Objective: Congenital corrected transposition of the great arteries (ccTGA) is a rare congenital cardiac anomaly which remains difficult to diagnose prenatally. We aim to investigate the natural history, associated anomalies and the outcome of patients in prenatally diagnosed ccTGA.

Method: This was an international multicenter retrospective analysis of fetuses with a diagnosis of ccTGA from 2002 to 2017. We reviewed clinical and echocardiographic databases of seven centers. Anatomic survey and fetal echocardiography were performed according to international guidelines of ISUOG.
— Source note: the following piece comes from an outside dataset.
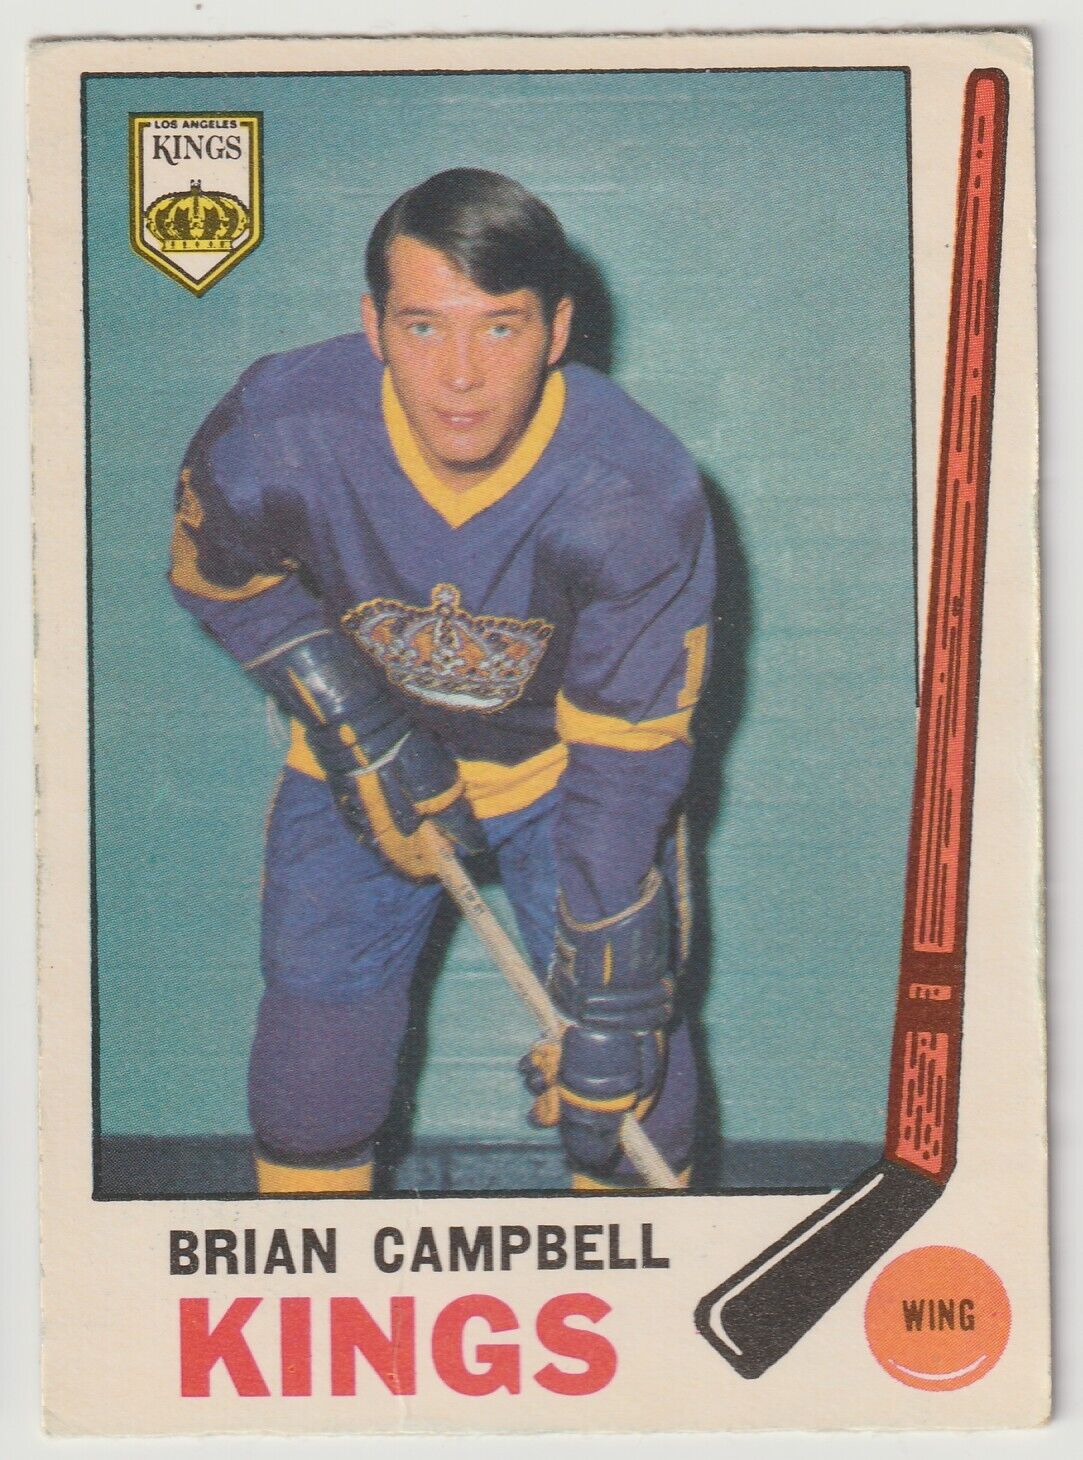 1969/70 OPC Brian Campbell Rookie Card #106 Los Angeles Kings. rookie card picture

Results: We considered 69 fetuses with prenatally suspected ccTGA. There was an overall survival rate of 91 % among 54 patients with a confirmed diagnosis. Survival to live birth was 96 % (52/54) and survival on an intention-to-treat basis was 94 % (49/52). The mean gestational age at the time of diagnosis was 25.6 ± 5.9 weeks of gestation. In 7 out of 54 fetuses (13 %), ccTGA was an isolated finding. Dextro/mesocardia was present in 15 cases (27.8 %). Intracardiac anomalies were present in 46/54 cases (85.2 %) with the most frequent anomaly being a ventricular septal defect present in 41 fetuses (75.9 %). Complete heart block was diagnosed in 10 cases (18.5 %). Extracardiac anomalies were observed in 9 out of 54 cases (16.7 %). Prenatal karyotyping of the fetus was available in 30/54 (55.6 %) cases with chromosomal anomalies in 4/30 (13.3 %).

Conclusion: ccTGA is a rare cardiac anomaly often accompanied by a variable spectrum of further intracardiac abnormalities. Accurate diagnosis of ccTGA, which can be integrated into parental counselling, is feasible with a favorable short-term outcome for affected neonates.